The problem with being a keyboard monkey is the endless and repetitive testing by doing and checking the results, instead of knowing and doing (and then testing to see if it's been properly implemented 🥸). In the midst of the Sisyphean coding by validation testing, I had a crisis of faith. Why was I doing this? If SEO is not the goal, then could/should I make do with proper structured HTML usage and call it a day? What did the Semantic Web want in the first place???

W3's Semantic Web Best Practices document was not helpful. More than half the links on the tutorial page are currently dead. I'm not trying to make my own technical vocabulary ... or am I???.

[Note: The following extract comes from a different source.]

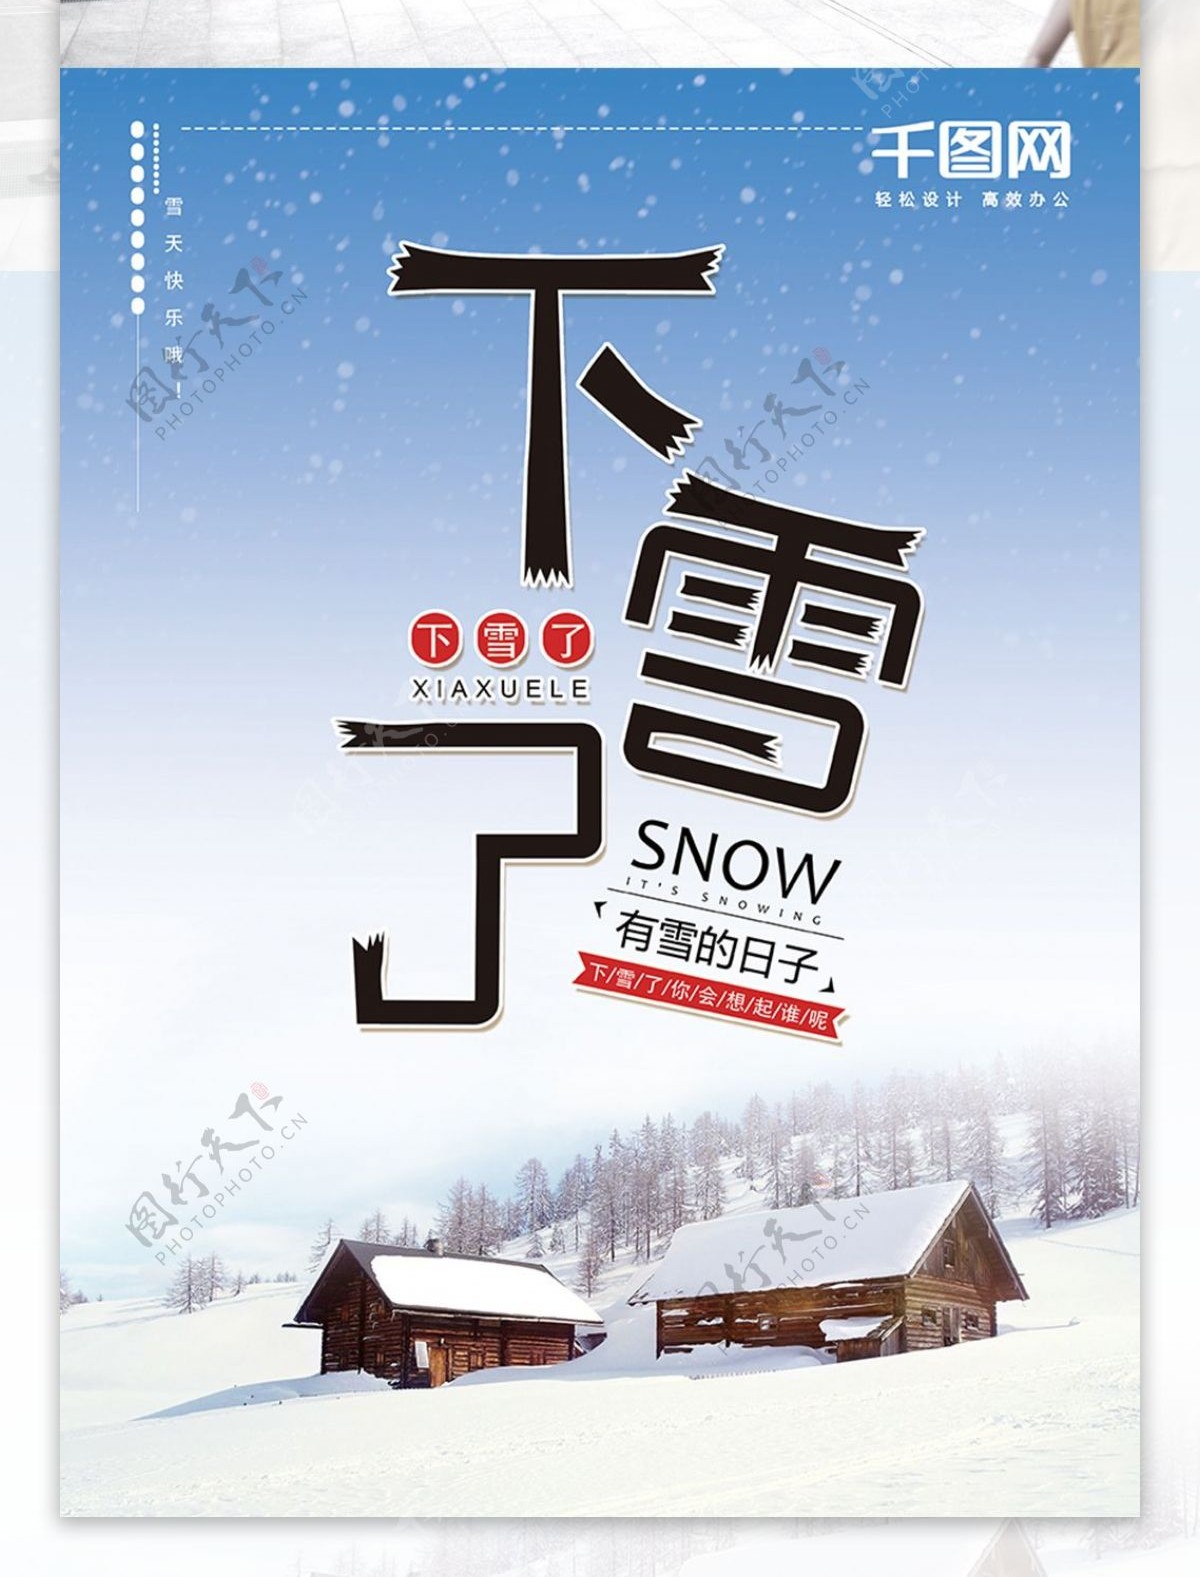 下雪了蓝色清新简约节日海报

In any case, I'm certainly not trying to help you (or anyone who might choose to use my structRDFaL Jekyll theme) write your own formal 'net recognized vocabulary. So, why am I doing this? schema.org schemas are not even proper standards type things! Part of it, perhaps, is suffering from sunk cost (fallacy?) problems. So much time already wasted trying to do this thing, so just finish it. Most schemas like Blog or Book were relatively easy to implement (just a little more effort). Trying to make a generic HowTo tool has been a bear, though. Are schemas actually useful to the semantic web or no? What am I even doing and why??

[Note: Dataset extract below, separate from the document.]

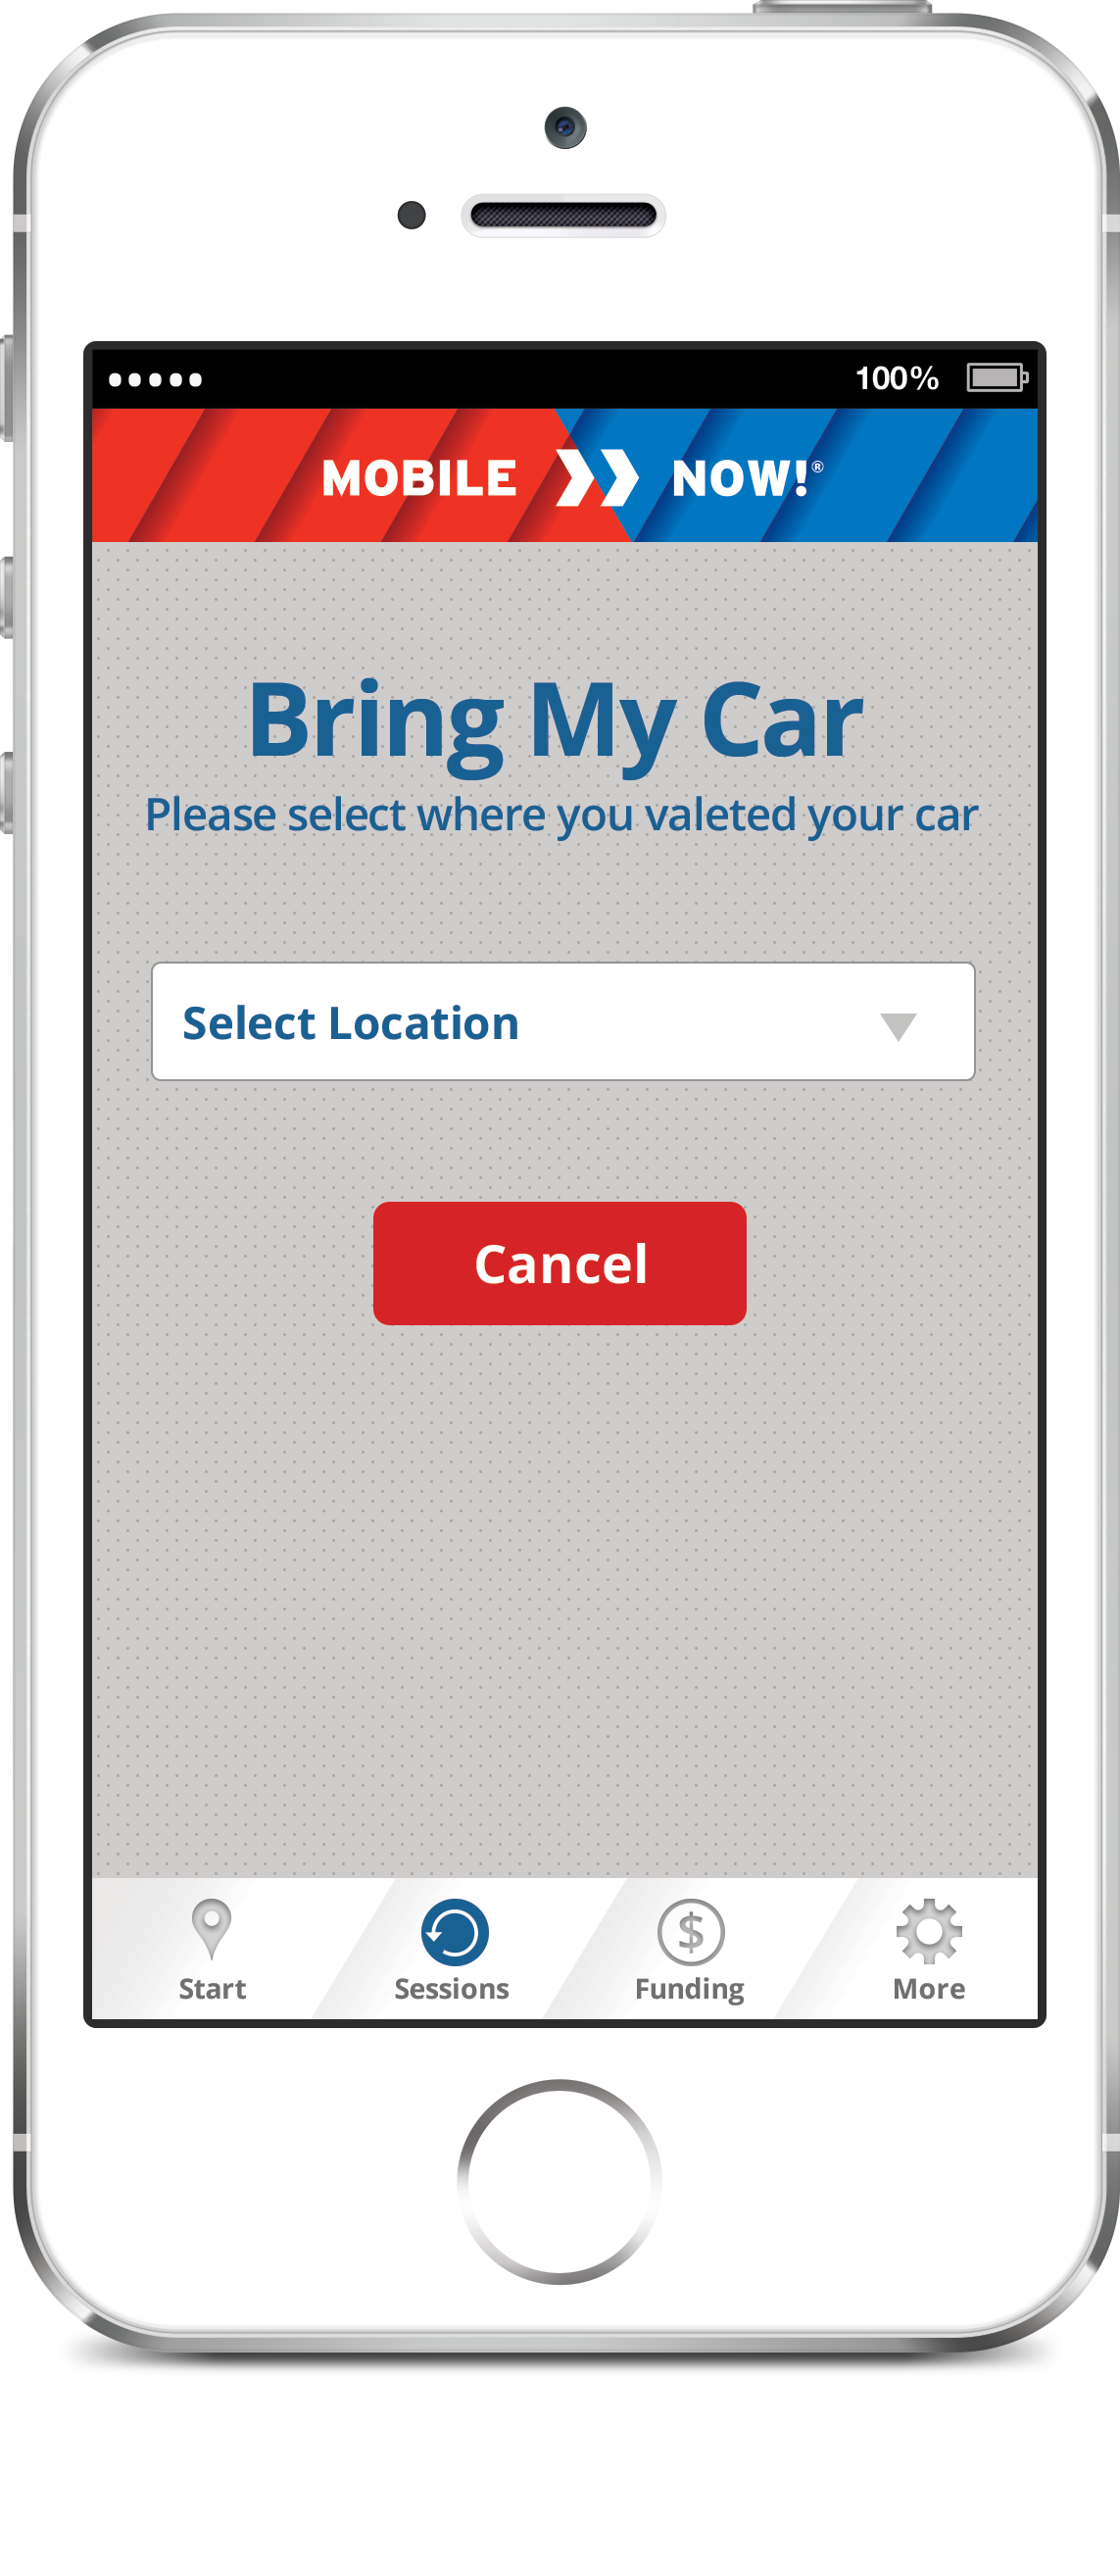 Mobile App for Valet Parking

This is my existential crisis, however, and you should not care. 😅 So, let me share what I have discovered about RDFaL for my fellow keyboard monkeys and leave it at that, for now.

RDFaL and HTML interaction

HTML element tags envelope/contain schema structures in what I find to be an inconsistent way. Sometimes when you tag a schema property 2 layers down, it is not recognized as part of the same structure.

Modified example from HowTo
<div property="itemListElement" typeof="HowToDirection">
  <meta property="position" content="1"/>
  <a href="more.html">
    <p property="text">Turn on your hazard lights and set the
      flares.</p>
  </a>
</div>
      
https://validator.schema.org/ output
Detected               1 ERROR   0 WARNINGS  2 ITEMS
Unspecified Type       1 ERROR   0 WARNINGS  1 ITEM
HowTo                  0 ERRORS  0 WARNINGS  1 ITEM
      
The ERROR is on the on the <p> line and says
Unspecified Type (The @type is required and cannot be an empty string.)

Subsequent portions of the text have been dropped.